Выбрать главу

– Странно, что ты не удостоила своим вниманием все королевское семейство Арад Домана, – сухо заметил Саммаэль.

Если она хотела его отвлечь, то этот номер не пройдет. Сама угодит в собственную ловушку. Ей ведь и в голову не приходит, что кто-то может знать о ней достаточно, чтобы разгадать ее хитрости.

Гибкая темноволосая женщина, уже не молодая, но отличающаяся той неувядающей красотой и изяществом, какие останутся с нею до конца дней, появилась у его локтя, бережно держа в руках хрустальный кубок с темным винным пуншем. Саммаэль взял его, хотя пить не собирался. Новички всегда наблюдают за направлением главного удара, покуда глаза не заболят, а одинокий убийца тем временем подкрадывается сзади. Союзники, пусть даже временные, это, конечно, неплохо, но чем меньше Избранных уцелеет ко Дню возвращения, тем больше будет у каждого из них шансов быть названным Ни’блисом. Великий повелитель всегда поощрял такого рода… соперничество. Служить ему достойны лишь самые способные. Порой Саммаэлю казалось, что править миром, как обещано, будет последний, единственный Избранный, оставшийся в живых.

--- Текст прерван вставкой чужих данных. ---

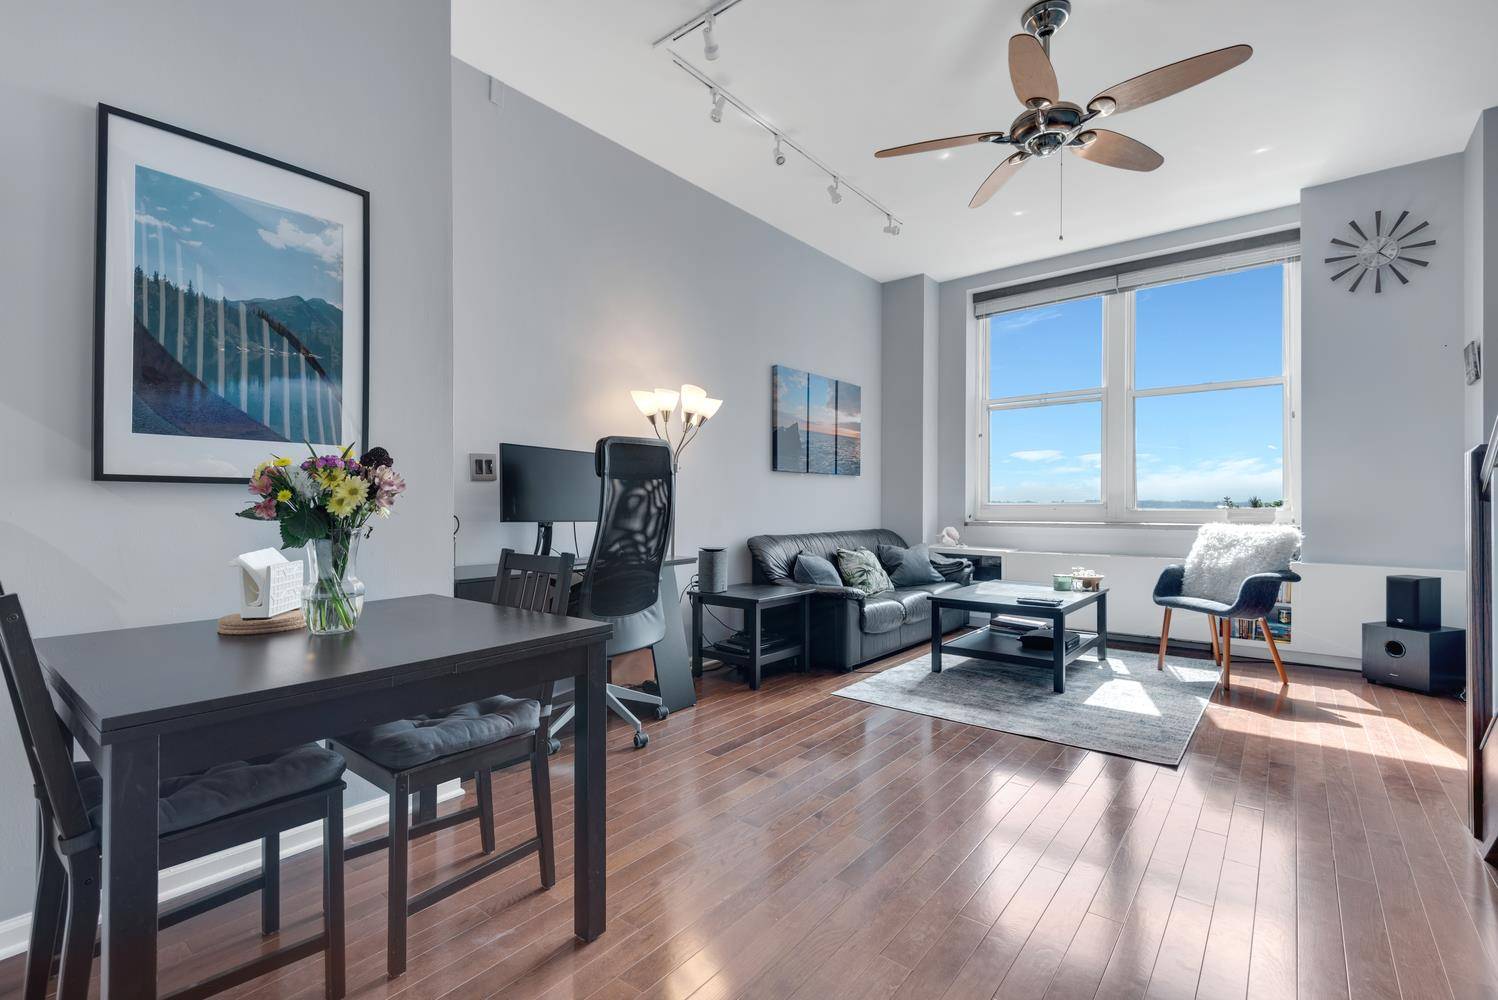 ALL SHOWINGS AND OPEN HOUSES ARE BY APPOINTMENT ONLY Experience chic Downtown Brooklyn living in this beautifully designed one bedroom, one and a half bath duplex penthouse at 96 Schermerhorn ...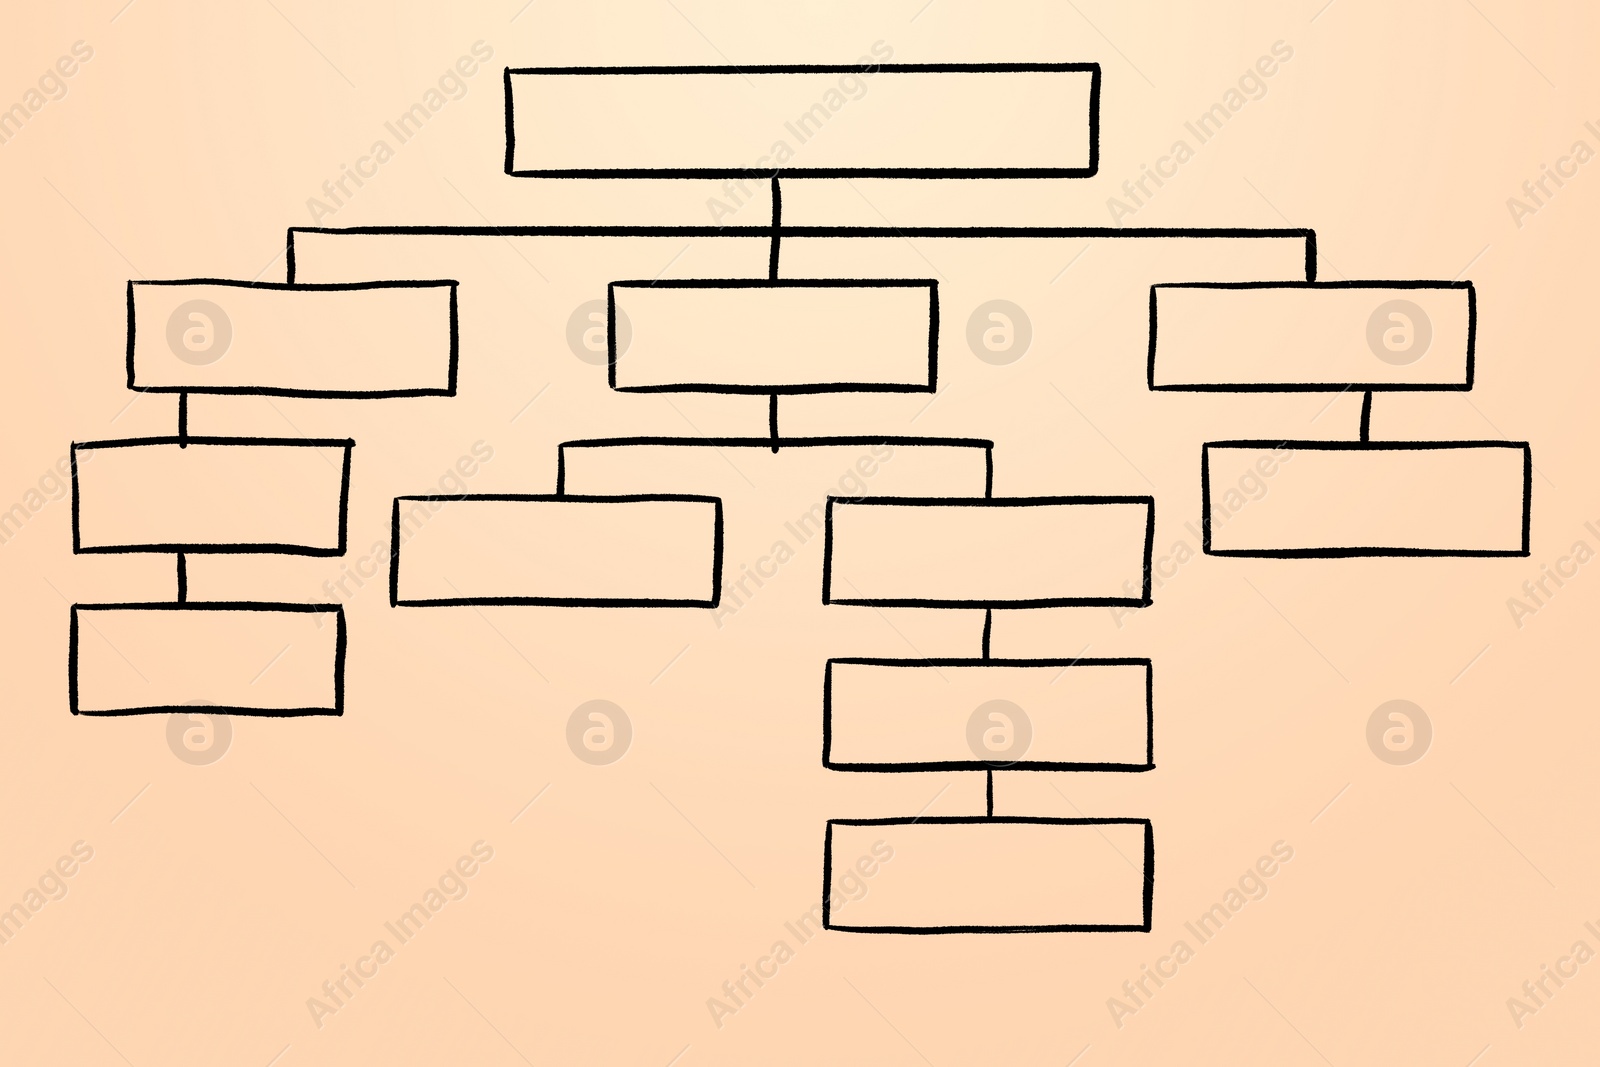 Illustration of Mind map. Diagram with empty blocks on white background

Женщина повернулась к мускулистому молодому человеку, облаченному, как и она, в белое полупрозрачное одеяние. Тот держал в руках золоченый поднос с еще одним кубком и высоким, под стать кубку, хрустальным кувшином. И она, и он украдкой бросали быстрые взгляды на открытые врата, через которые виднелись покои Саммаэля в Иллиане. Прислуживая Грендаль, женщина смотрела на нее с обожанием. Грендаль могла позволить себе говорить свободно в присутствии своих слуг и «зверушек», хотя среди них не было ни одного приверженца Тьмы. Приверженцам Тьмы она не доверяла, утверждая, что любого из них ничего не стоит склонить к измене, не то что ее людей. По отношению к своим любимцам и слугам она использовала столь высокий уровень Принуждения, что в их сознании почти не оставалось места для чего-либо, кроме безмерного восхищения своей госпожой.

– Я уже почти ожидал, что сам король будет подносить здесь вина, – продолжил он.

– Ты же знаешь, я приближаю к себе лишь самых изысканных, утонченных людей. Алсалам никак не соответствует моим требованиям.

Грендаль приняла вино у женщины, даже не взглянув на нее, и Саммаэль уже в который раз задумался, не являются ли все эти любимцы всего лишь ширмой, как и легкомысленная болтовня. Пожалуй, стоит продолжить этот разговор, вдруг она обронит лишнее словечко, которое позволит заглянуть за завесу.

– Рано или поздно, Грендаль, ты все равно допустишь оплошность. Что, если один из твоих гостей узнает того, кто поднесет ему вино или станет убирать постель, и у этого гостя достанет ума попридержать язык до ухода? Что, скажи на милость, ты будешь делать, когда кто-нибудь заявится в этот дворец? И приведет армию, чтобы спасти мужа или сестру? Конечно, шоковым копьям нынешние стрелы не чета, но и стрелы способны разить насмерть.

Грендаль откинула голову назад и рассмеялась – мелодичная трель должна была обозначать скорее веселое недоумение, чем обиду, будто она не усмотрела в его словах и намека на оскорбление. Во всяком случае, так могло показаться тому, кто ее не знал.

– Ох, Саммаэль, что это тебе взбрело в голову? С чего ты решил, что я позволяю посетителям высматривать у меня, что им вздумается? Уж конечно, мои любимые зверушки и мои личные слуги им прислуживать не станут. У меня бывают и сторонники Алсалама, и его враги, и… Да что там, даже принявшие Дракона покидают мой дом в твердом убеждении, будто я поддерживаю их и только их. И потом, кто и в чем может заподозрить калеку?

Кожу Саммаэля начало слегка покалывать. Грендаль направила Силу, и в одно мгновение облик ее изменился. Медная кожа потускнела, волосы словно выцвели, темные глаза утратили блеск. Она выглядела болезненно худой и хрупкой. Ни дать ни взять – некогда прекрасная доманийка, медленно проигрывающая схватку со смертельным недугом.

Саммаэль едва удержался от усмешки. Достаточно было одного прикосновения, чтобы обман раскрылся. Лишь очень тонкое использование Иллюзии позволяло пройти это простое испытание, Грендаль же, похоже, была склонна к примитивным эффектам. В следующее мгновение она вновь стала прежней, на губах ее играла кривая усмешка.